Тут Джессика уловила диалог двух женщин. Они сидели позади и полушепотом обсуждали судьбу больной дочери их общей знакомой. В какой-то момент Джессика даже хотела заткнуть уши, только бы не слышать о том, как одиннадцатилетняя девочка борется с раком, говорит матери, что без волос похожа на мальчика и готовится к очередному сеансу химиотерапии. Странное дело, в этом состоянии первородного одиночества, когда, казалось, ей не должно было быть дела до всего живого вокруг нее, чужая боль вдруг резанула так сильно, что Джессика просто не нашла в себе сил терпеть ее. Она встала и пересела на другое место.
«Что такое эта жизнь? Что такое эта любовь? Что такое эта война? Где первопричина? Смерть – вот что такое жизнь. Почему вообще принято говорить «живу»; «умираю» – почему нет?

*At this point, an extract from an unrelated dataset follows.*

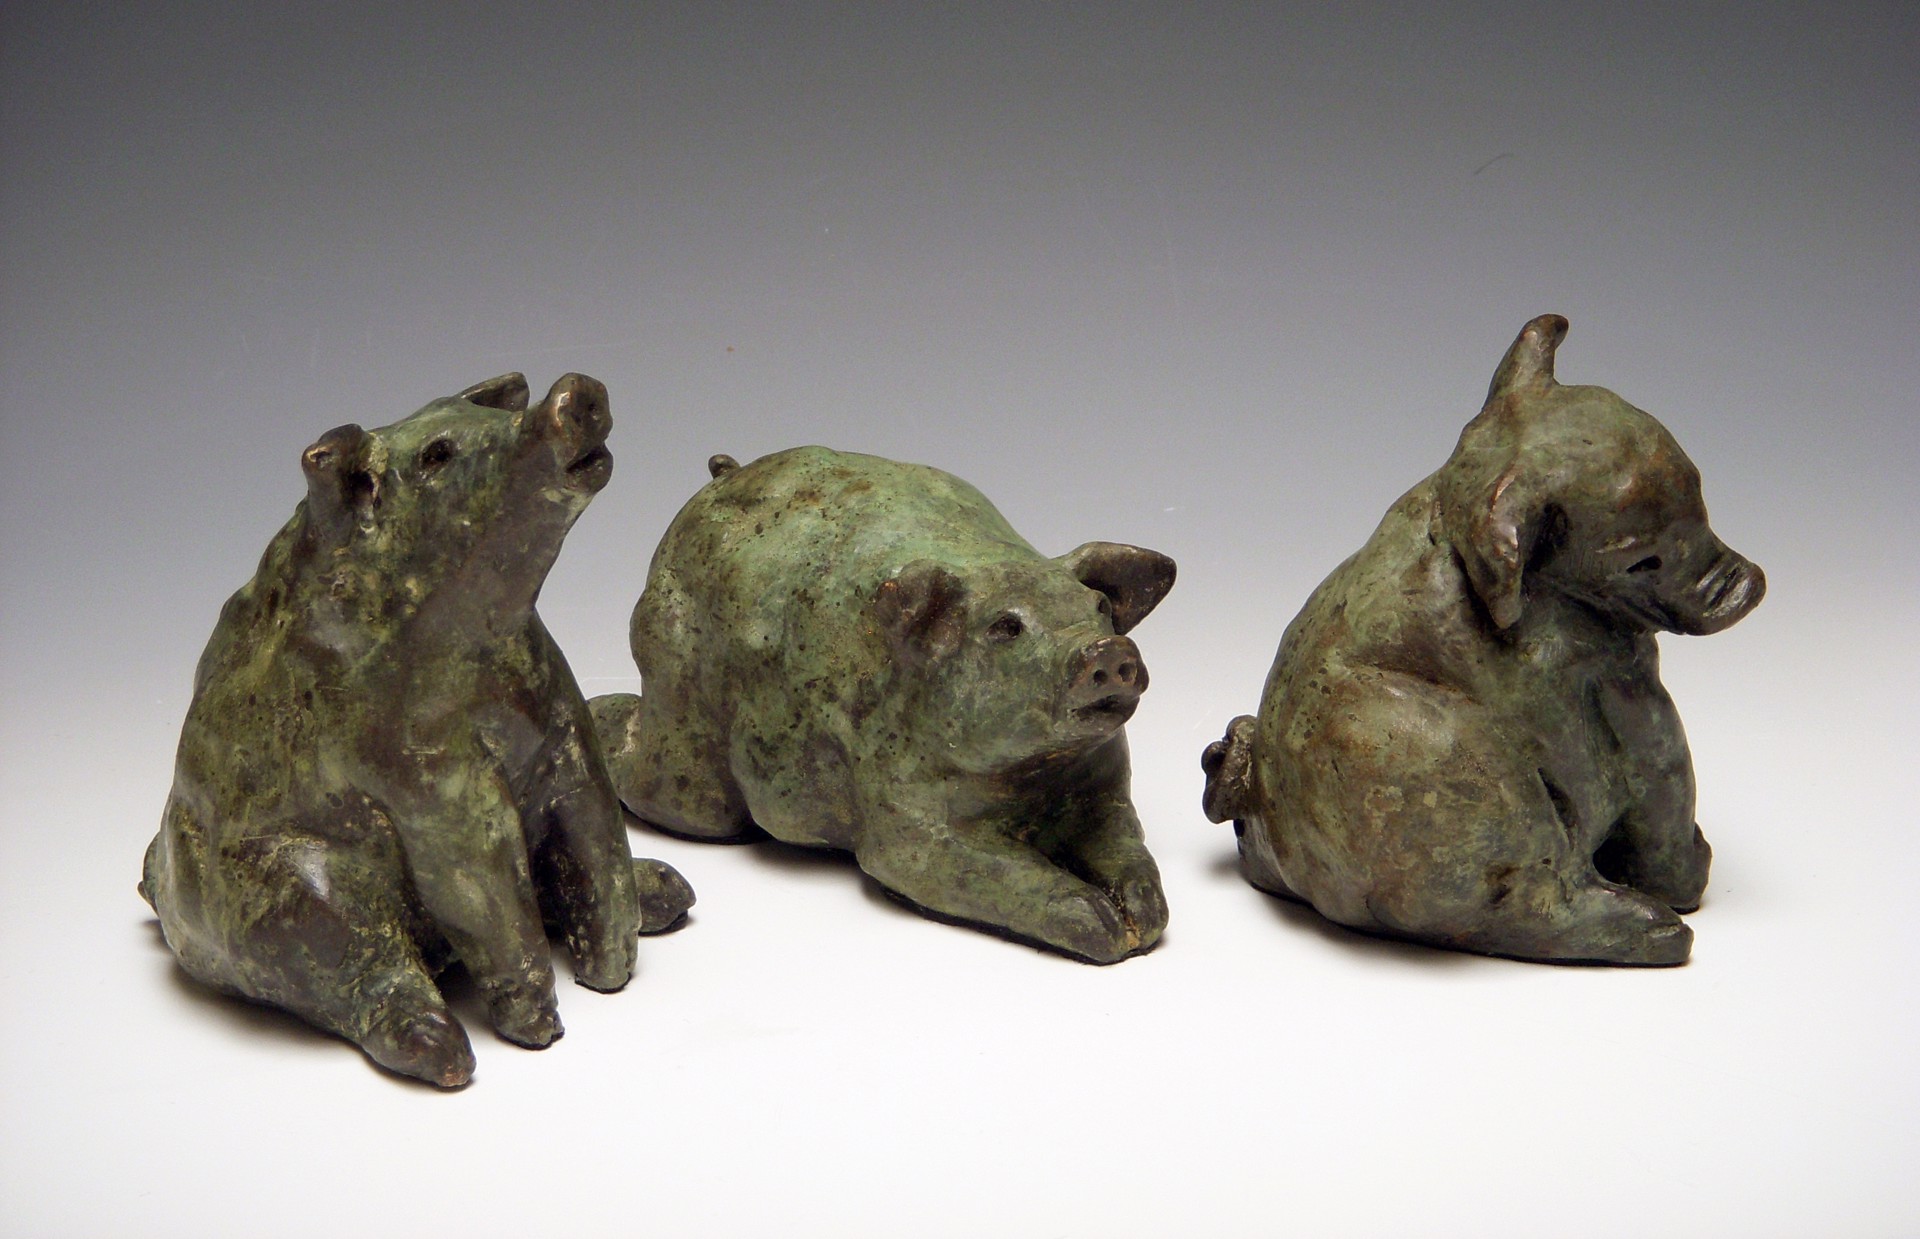 3 Moss Piggies ($625 per piece) by Kari Rives

Сколько ты уже умираешь? Я умираю двадцать четыре года. Мы собираемся переехать умирать в Санторин. Я устала так умирать! Забавно. А что, если эта так называемая жизнь – вовсе не испытание? Что если, наоборот, это передышка? Что если мы испытываемся на протяжении вечности? Испытываемся так, как нам и не снилось в этом мире? И иногда нам дают отпуск на несколько десятков лет, а то и меньше? Что если смерть не избавление, а возврат к тому самому источнику истины? И истина эта в том, что все только начинается? Почему животные так боятся смерти? Потому что там нет ничего хорошего. Так что такое эта жизнь? Дамоклов меч – вот что».